Изменить стиль страницы

По мнению пишущих на двух языках, путь автоперевода художественно не очень перспективен. Выход – в создании варианта на другом языке, и этот новый оригинал на другом языке может существенно отличаться от первого варианта. Свидетельствует В. Набоков: «Книга «Conclusive Evidence» писалась долго (1946–1950), с особенно мучительным трудом, ибо память была настроена на один лад – музыкально недоговоренный русский, – а навязывался ей другой лад, английский и обстоятельный.
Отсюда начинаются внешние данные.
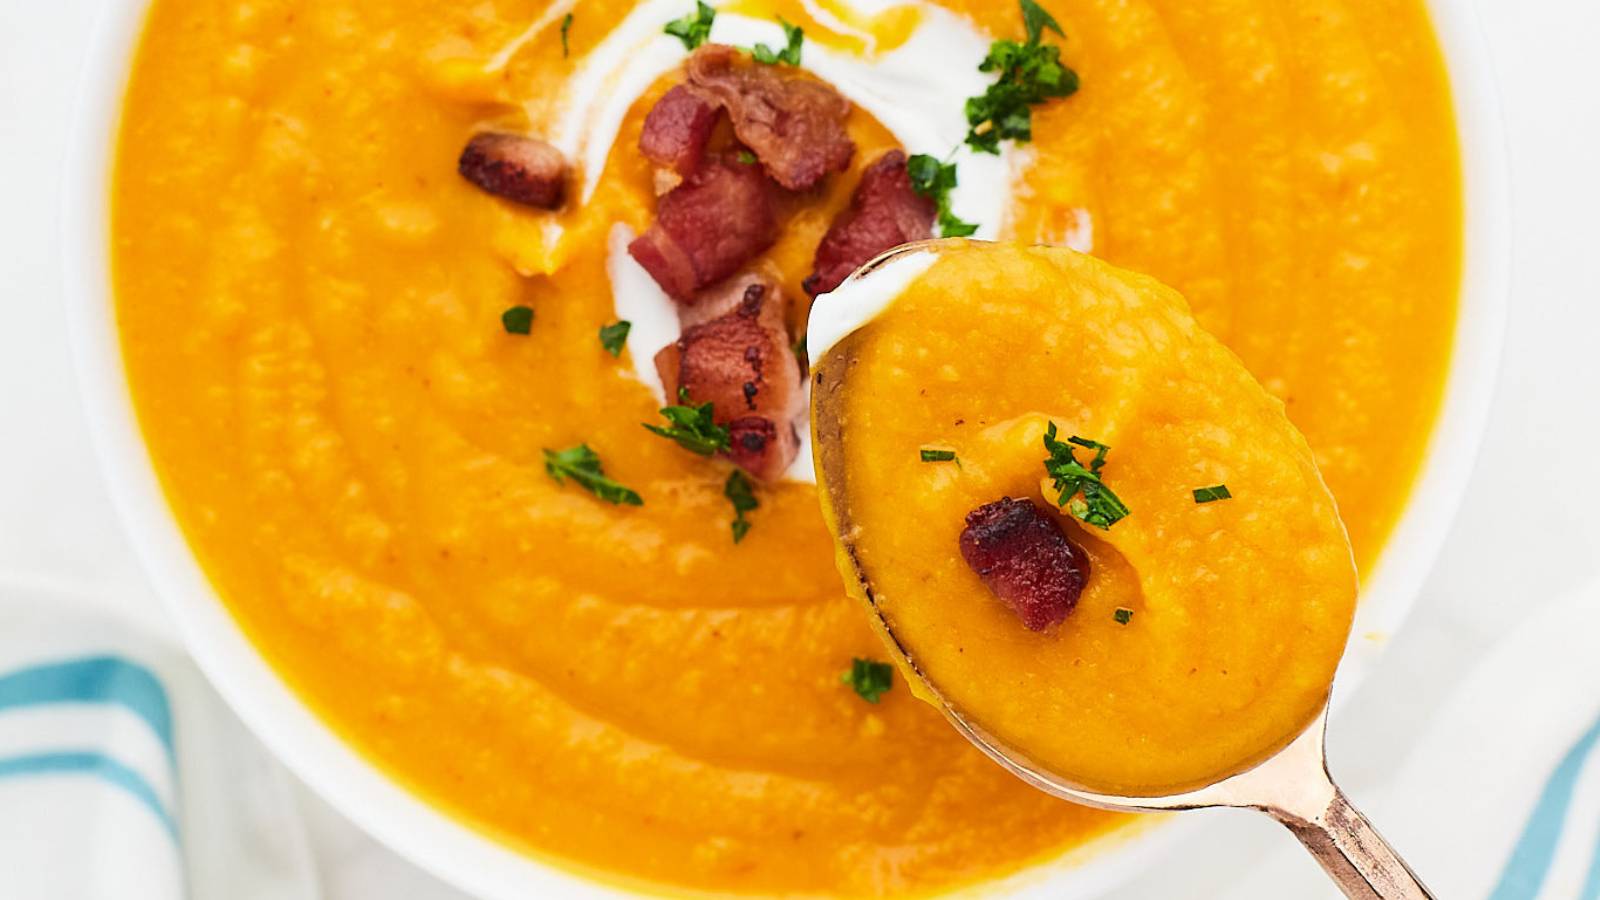 Sweet Potato Soup recipe by Cheerful Cook.

В получившейся книге некоторые мелкие части механизма были сомнительной прочности, но мне казалось, что целое работает довольно исправно – покуда я не взялся за безумное дело перевода «Conclusive Evidence» на прежний, основной мой язык. Недостатки объявились такие, так отвратительно таращилась иная фраза, так много было и пробелов и лишних пояснений, что точный перевод на русский язык был бы карикатурой Мнемозины. Удержав общий узор, я изменил и дополнил многое. Предлагаемая русская книга относится к английскому тексту, как прописные буквы к курсиву» [Набоков 1990: 134]. Следует заметить, что американцы считают В. Набокова своим писателем: мало людей, которые бы так воплотили чужую культуру, но как бы хорошо он ни писал на английском, он всё равно остался русским.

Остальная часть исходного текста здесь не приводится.